Piante amiche delle rose: quali specie consociare?
Una delle piante che non mancano mai nei giardini sono le rose: singole: a cespuglio, rampicanti… ce n’é per tutti i gusti. Tuttavia se volete ottenere una fioritura ancora più spettacolare ecco che è possibile procedere con la tecnica della consociazione. Si tratta di posizionare vicino alle rose altre piante amiche capaci non solo di migliorare l’aspetto estetico del roseto, ma anche di stimolarne la crescita, promuovere la fioritura e aumentarne la resistenza.
Quali sono le piante amiche delle rose?

Ci sono diversi motivi per cui la consociazione delle piante è fondamentale per le rose. Innanzi tutto ci sono piante che fungono da repellenti contro parassiti come afidi e coleotteri che danneggiano le rose. Altre piante, invece, attirano insetti predatori benefici come le coccinelle.
Fra le piante capaci di tenere lontani i parassiti abbiamo tutte quelle del genere Allium (cipolle, aglio, porri ed erba cipollina): il loro odore tiene lontani afidi, coleotteri e zanzare. Ma ci sono anche il geranio, capace di riempire i cespugli di rose nascondendo anche gli steli inferiori, la calendula, la salvia e la lavanda, tutte piante con azione repellente conto insetti e parassiti nocivi. Per contro, achillea, nepeta e prezzemolo attirano insetti benefici, fra cui coccinelle, bombi e api.
Poi prolungano il periodo di fioritura, andando magari a riempire i vuoti fra gli intervalli di fioritura delle rose. Per esempio, i giacinti e il crocus fioriscono prima delle rose, mentre perenni tardive come la salvia russa o l’issopo fioriscono dopo, fino all’autunno inoltrato.
Fra le piante che fioriscono prima delle rose, oltre a quelle già citate, trovate anche il bucaneve, la scilla, gli anemoni e i narcisi. Mentre fra le piante annuali e perenni a fioritura tardiva annoveriamo anche la Calibrachoa, la verbena e le clematidi.
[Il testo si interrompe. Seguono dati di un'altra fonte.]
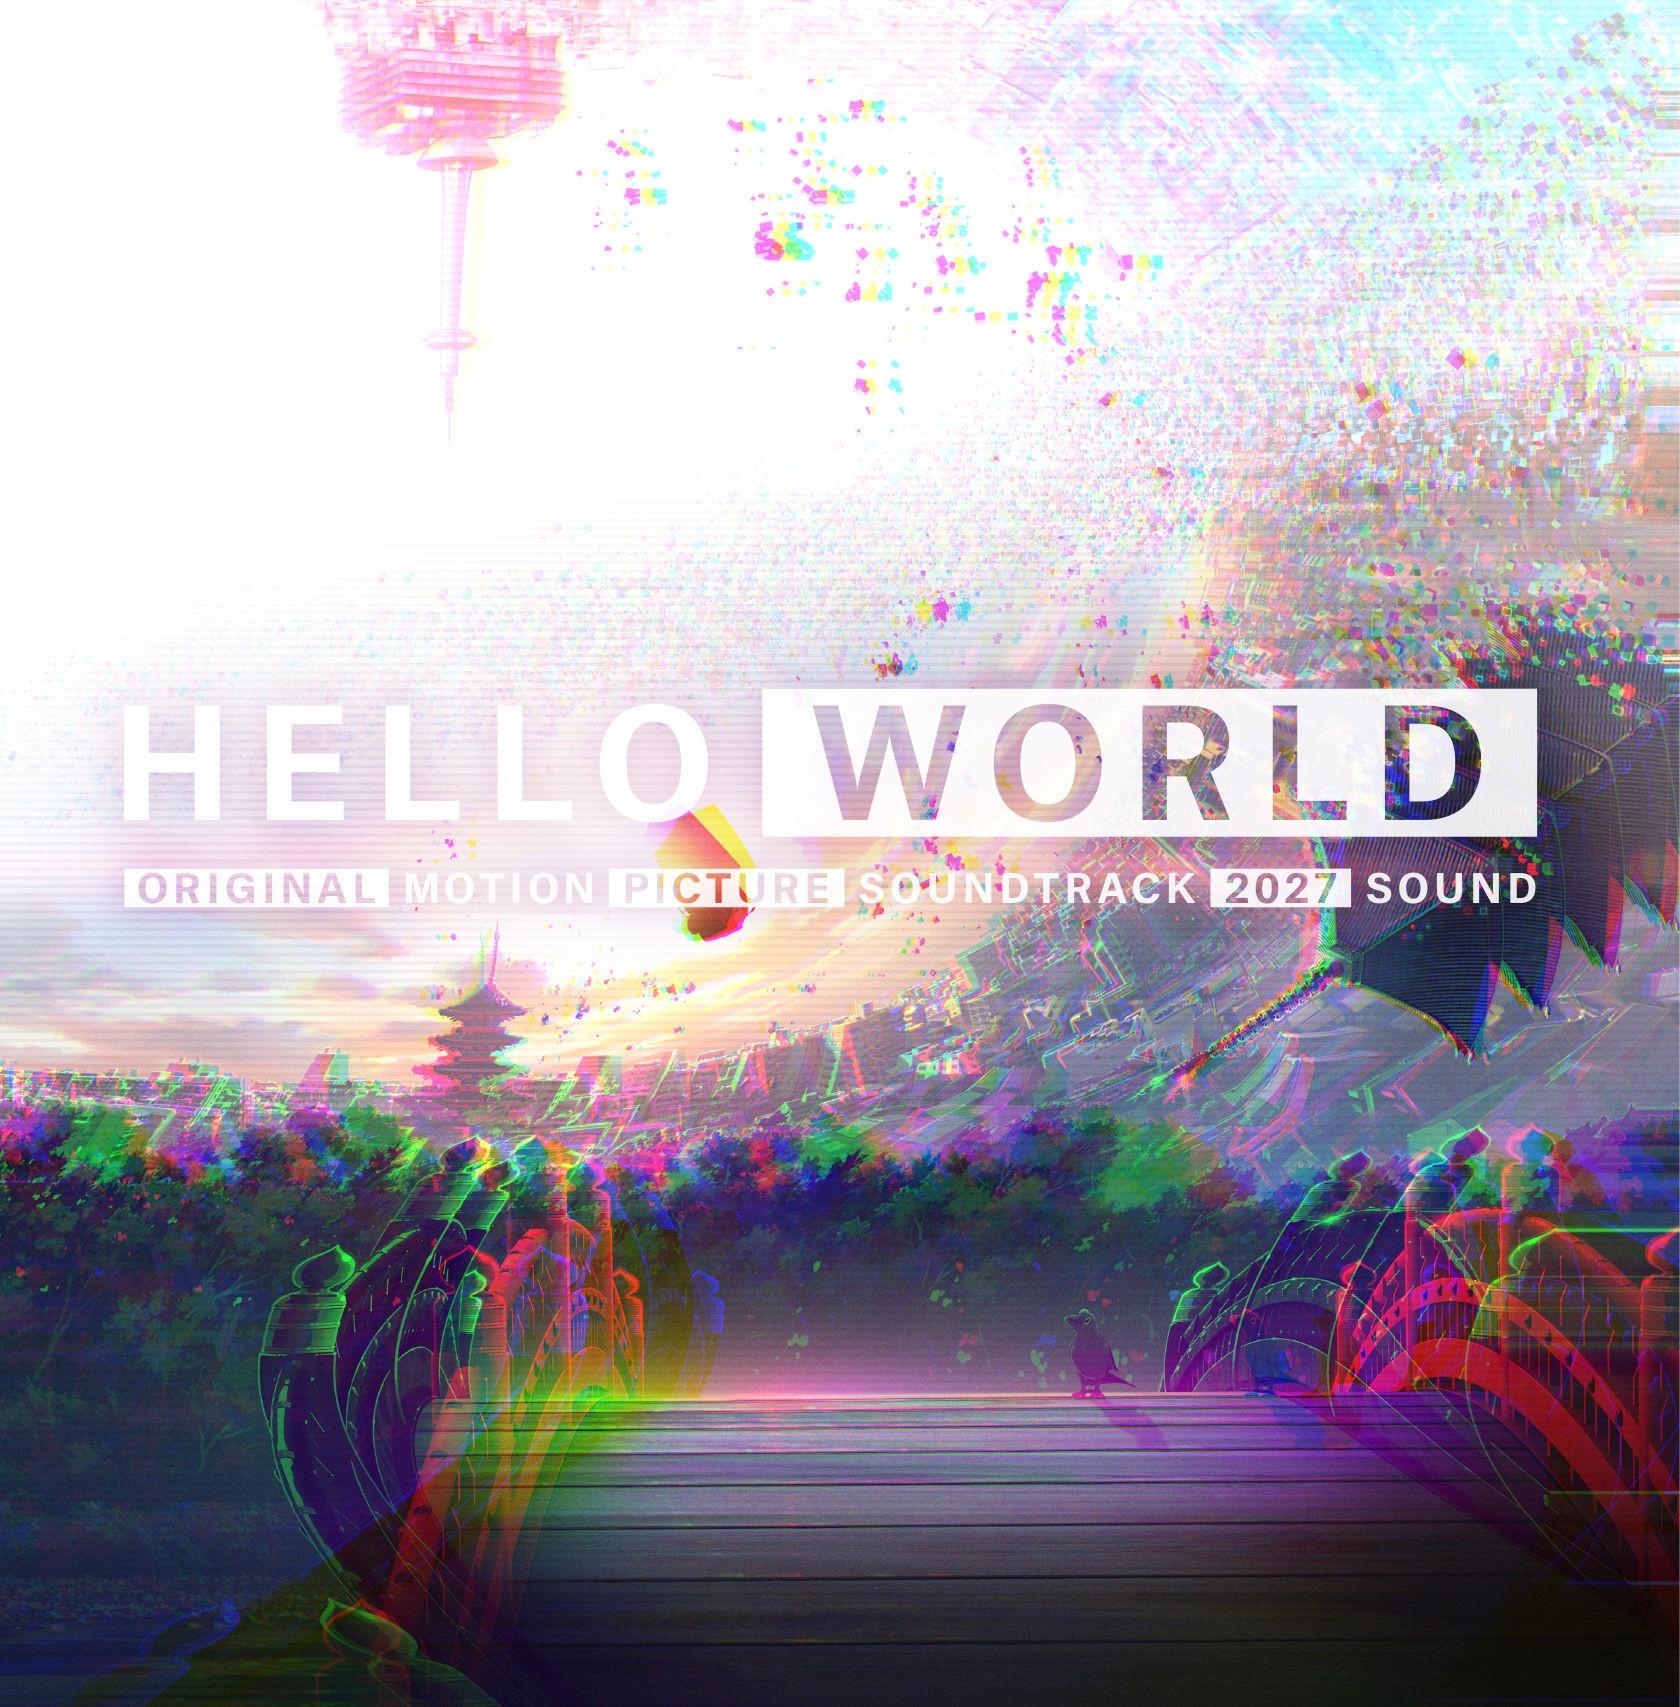 2027Sound – HELLO WORLD ORIGINAL MOTION PICTURE SOUNDTRACK [FLAC 24bit/96kHz]

In particolare queste ultime di solito si abbinano alle rose rampicanti.
Da non sottovalutare, poi, anche l’impatto estetico: alcuni fiori risaltano le rose o diventano loro complementari, aggiungendo quel tocco che mancava sullo sfondo.
Piante perfette che esaltano l’estetica delle rose sono il delfinium (le sue spighe blu e viola alte donano verticalità al cespuglio di rose, contrastando con la rotondità dei boccioli di rosa), la digitale (dona un effetto stratificato alle rose), l’alchemilla (ha portamento basso e si abbina bene alla tonalità delle rose fungendo da base naturale) e il phlox (i suoi grappoli verticali donano verticalità ai roseti rustici, attirando anche gli insetti impollinatori. Inoltre i suoi fiori contrastano bene con quelli delle rose).

Infine alcune piante migliorano anche il suolo e lo arricchiscono di nutrienti. Ci sono piante come la consolida maggiore che hanno radici profonde che assorbono i nutrienti dal sottosuolo, arricchendo poi lo strato superficiale dove risiedono le radici delle rose. I legumi, invece, arricchiscono di azoto il terreno, mentre piante a bassa crescita come il timo strisciante o l’alchemilla fungono da pacciame vivente.
Fra le piante azotofissatrici, oltre al lupino, trovate anche la baptisia o falso indaco blu. Invece, fra le piante che inibiscono la crescita delle erbacce ecco che vicino alle rose non possono mancare l’euforbia e il timo strisciante. Anche la borragine apporta nutrienti importanti al terreno, attirando pure gli insetti impollinatori.